Dec 11 2012
By Helen Albert, Senior medwireNews Reporter
Point-of-care ultrasound scanning can be used to diagnose pneumonia accurately in children and young people, show study findings.
Researchers led by James Tsung, from Mount Sinai School of Medicine in New York, USA, hope that their findings could help diagnose children with pneumonia in developing countries, where deaths from the disease are particularly high.
"The World Health Organization has estimated as many as three-quarters of the world's population, especially in the developing world, does not have access to any diagnostic imaging, such as chest X-ray, to detect pneumonia," said Tsung in a press statement.
"Many children treated with antibiotics may only have a viral infection - not pneumonia. Portable ultrasound machines can provide a more accurate diagnosis of pneumonia than a stethoscope."
Tsung and colleagues enrolled 200 patients under the age of 21 years to take part in their study. All patients had suspected community-acquired pneumonia and all diagnoses were checked using chest radiography.
The clinicians involved in the study had 1 hour of focused training in ultrasonography to diagnose pneumonia in children and young people.

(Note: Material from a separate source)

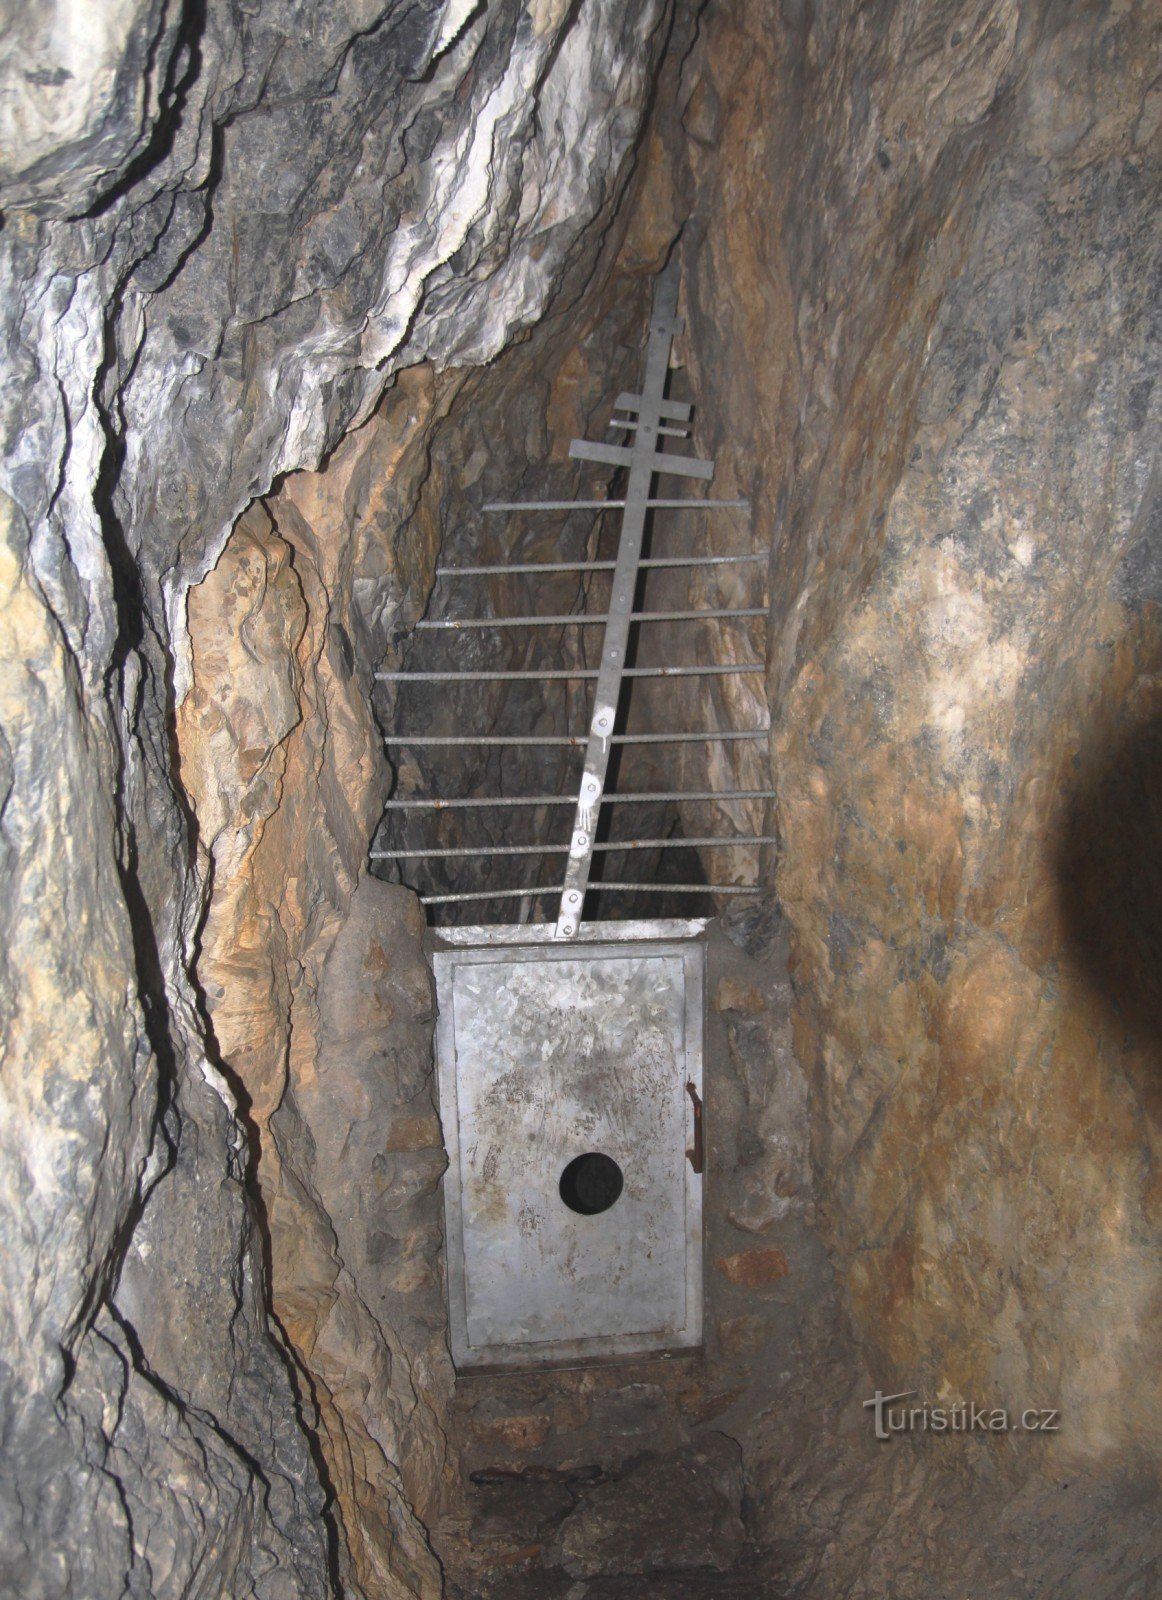 Sicherung des Eingangs zur abgrundtiefen Fortsetzung der Höhle

As reported in the Archives of Pediatric and Adolescent Medicine, the patients were aged a median of 3 years and chest radiography diagnosed pneumonia in 18% of the group.
Ultrasonography, involving visualization of lung consolidation with sonographic air bronchograms, accurately diagnosed pneumonia in the majority of cases, with a sensitivity of 86%, a specificity of 89%, a positive likelihood ratio (LR) of 7.8, and a negative LR of 0.2.

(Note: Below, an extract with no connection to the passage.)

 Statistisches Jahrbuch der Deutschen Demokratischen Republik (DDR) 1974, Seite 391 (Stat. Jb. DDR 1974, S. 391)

In patients with lung consolidation of over 1 cm, point-of-care ultrasound was even more accurate, with a sensitivity of 86%, specificity of 97%, positive LR of 28.2, and negative LR of 0.1 for diagnosing pneumonia.
Kassa Darge and Aaron Chen (The Children's Hospital of Philadelphia, Pennsylvania, USA), the authors of an accompanying editorial, say that further studies are needed to confirm these results.
However, they conclude: "In the future, wherever the institutional infrastructure permits, in the diagnostic imaging algorithm for suspected pneumonia in children, ultrasonography may need to precede, augment, or even replace chest radiography."